They may come from very different worlds, but for the next seven days NDP MP Jenny Kwan and singer Bif Naked will share a joint mission: surviving on a meagre $3 a day.

On Tuesday, the Canadian music icon and federal politician embarked on the fourth-annual Welfare Food Challenge, where participants are allowed to spend just $21 on food over seven days.

That’s the amount B.C. welfare recipients have left each week for groceries after paying for rent, a bus pass and phone, according to Raise the Rates, the group behind the awareness-raising event. The standard monthly rate in British Columbia is $610, which critics say is not enough to make ends meet.

Bif Naked agrees. She took part in the 2014 event and signed up again this year because she feels nothing has changed.

“I just think that it’s important as more and more seniors in our community are on welfare, people need to remember that’s someone’s mother, that’s someone’s father,” she said.

“There are kids that don’t get enough to eat. This is about nutrition. It’s just not adequate funds.”

In her shopping trip at discount grocery store No Frills, the entertainer bought chickpeas for protein, seven bananas, two eggplants, spinach, three zucchinis and a clamshell package of spinach. 

She went heavy on produce because of her vegan diet, but admitted she has known many people on assistance who can't afford healthy, natural foods -- and will opt for instant noodles and pasta because they are more filling.

Kwan, who is traveling to Ottawa for part of the week for work in the Canadian parliament, bought No Name peanut butter, a loaf of bread, apples, a package of No Name saltine crackers, and a carton of eggs, which she will boil and ration.

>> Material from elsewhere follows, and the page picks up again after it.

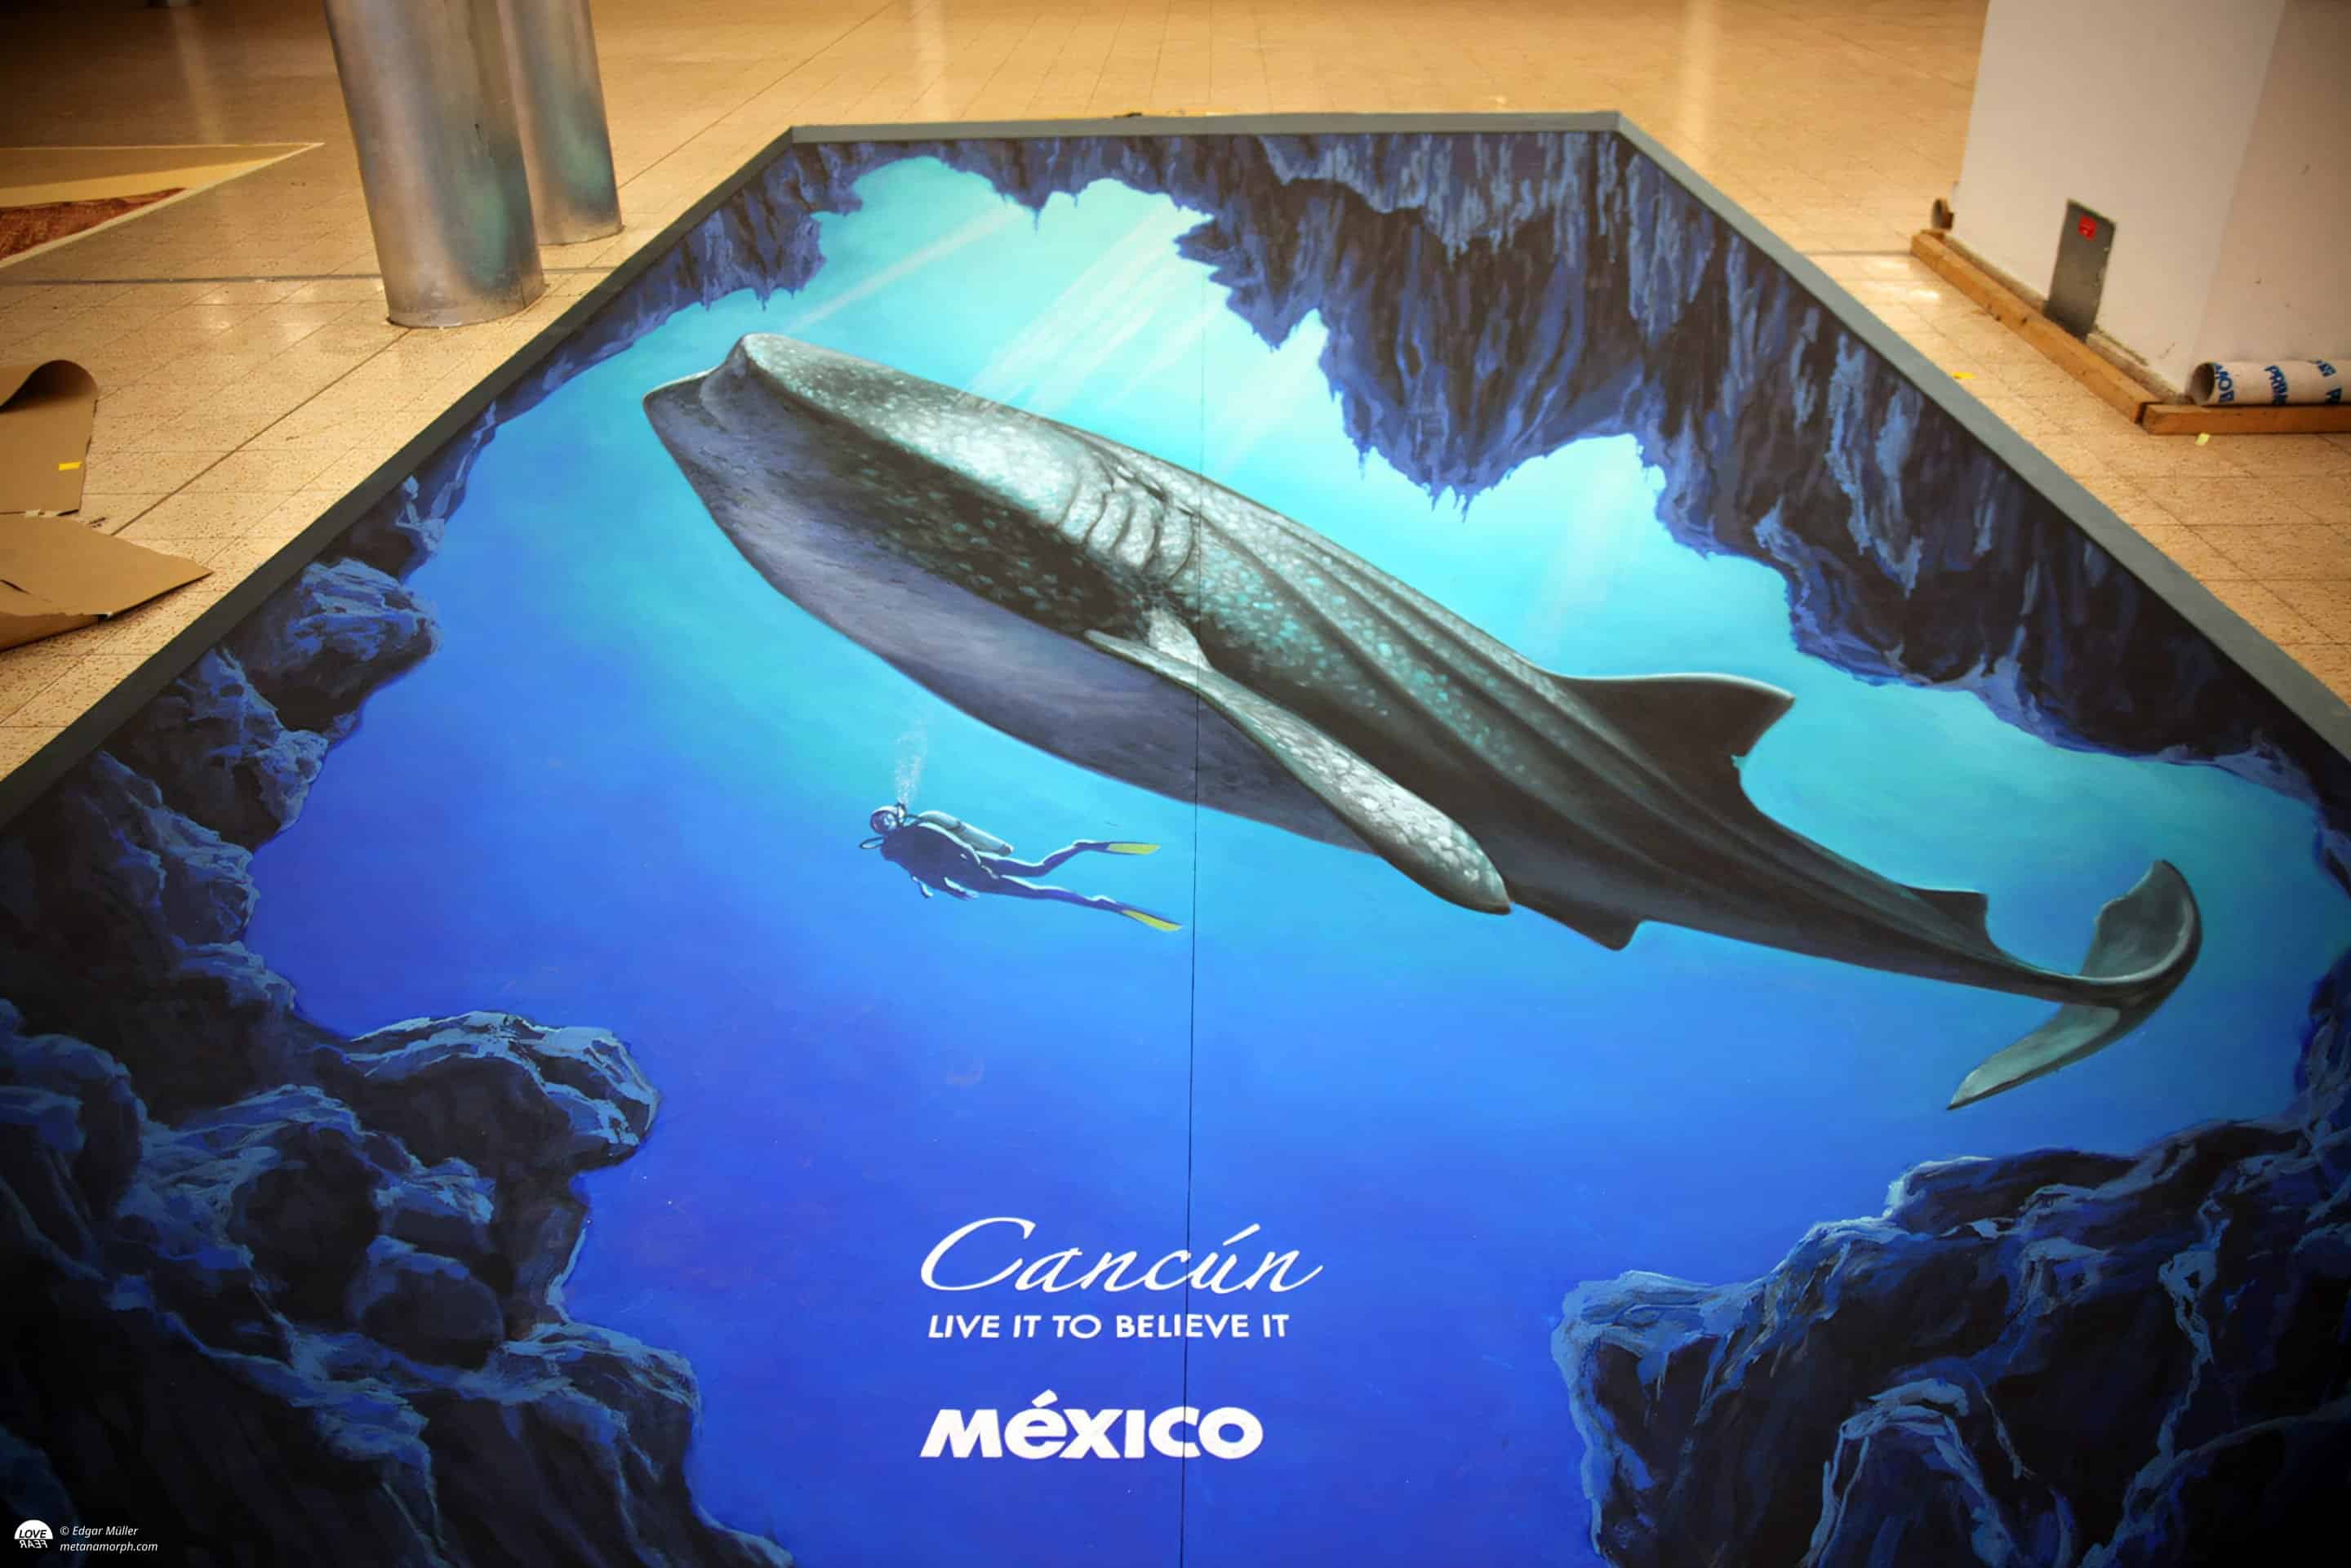 Painted whale in blue lagoon - Tourism Association Mexico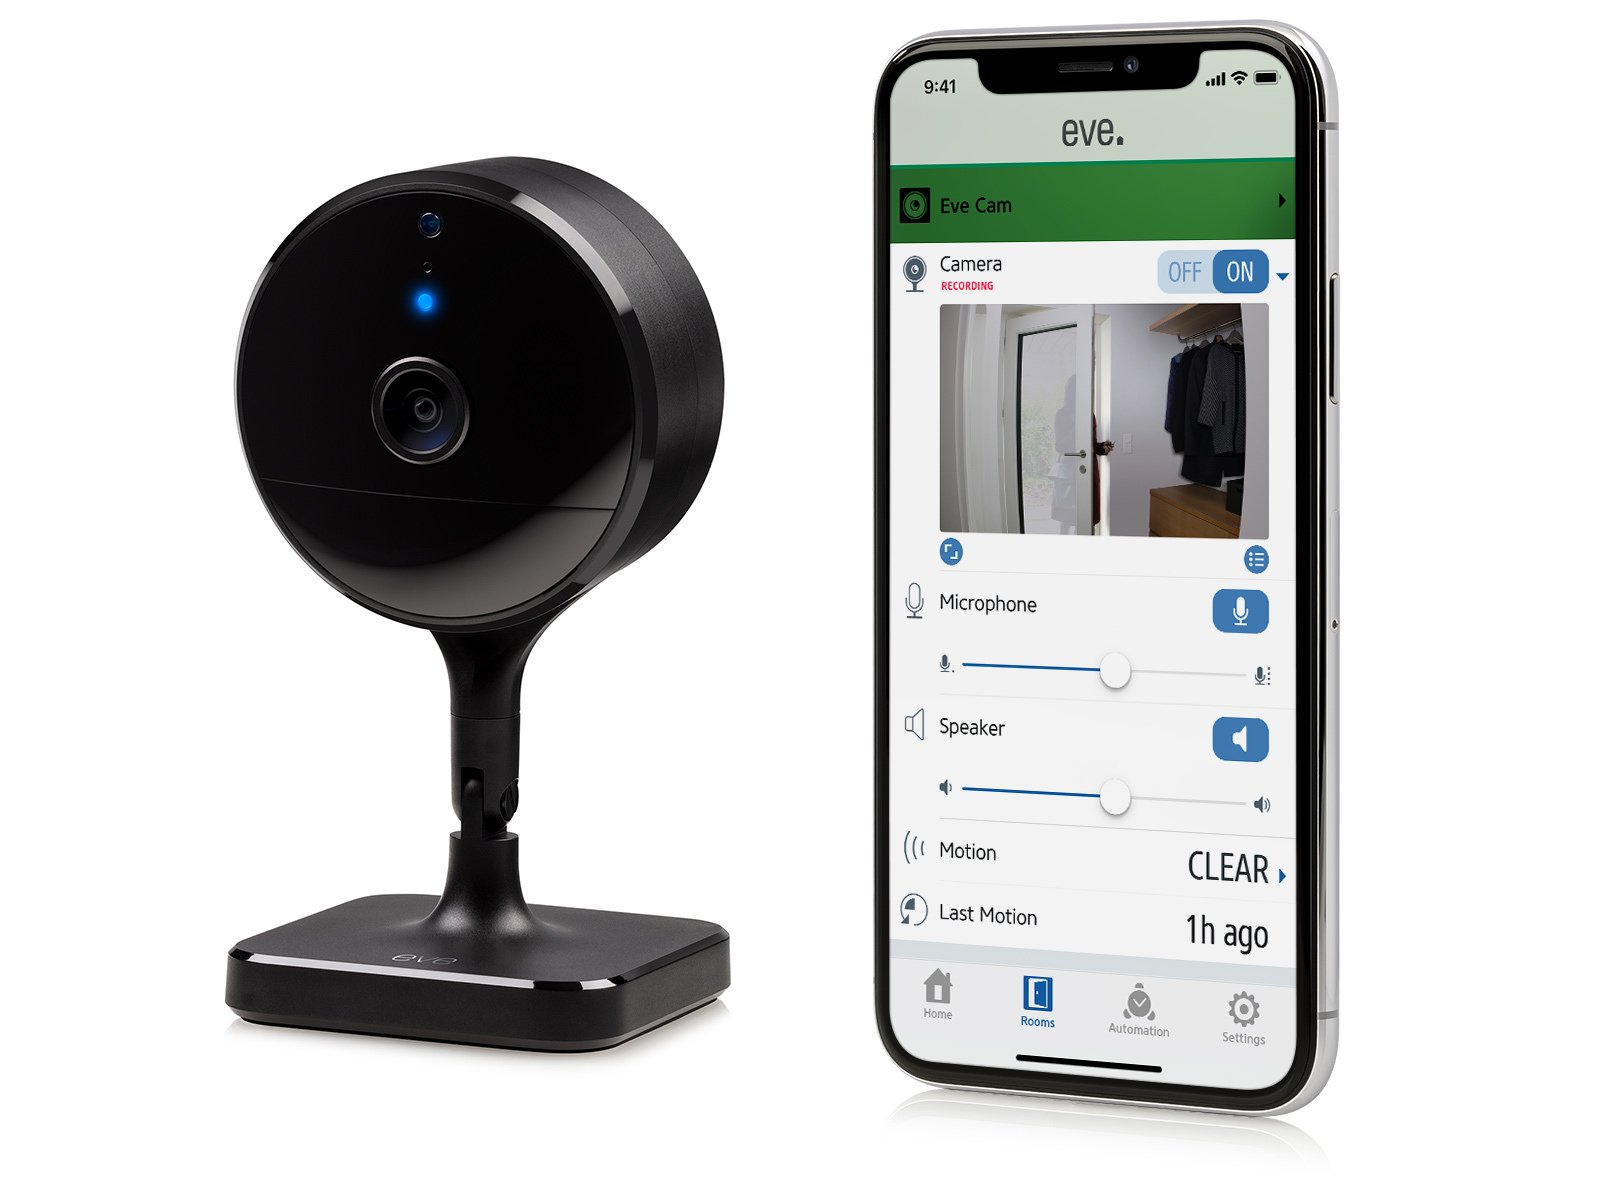 1594740679 353 Each security camera with HomeKit Secure video support

The politician said dairy, like cheese and yogurt, was too expensive and meat was absolutely out of the question, as were most fresh fruits.

“I am worried about the balanced diet question,” she told reporters. “I know that I will be hungry.”

Kwan says she joined the challenge to highlight the daily struggles British Columbians on disability face.

“We’re not just talking about adults. We’re talking about children and seniors, people with disabilities as well, who are facing these challenges in their everyday experience,” she said.

She also challenged B.C. Premier Christy Clark to experience living on the mediocre budget, to see if she could do it.

“People face grave challenges every day.”

Welfare rates in B.C. have not gone up since 2007, and the province has the highest poverty rate in the country, according to Raise the Rates.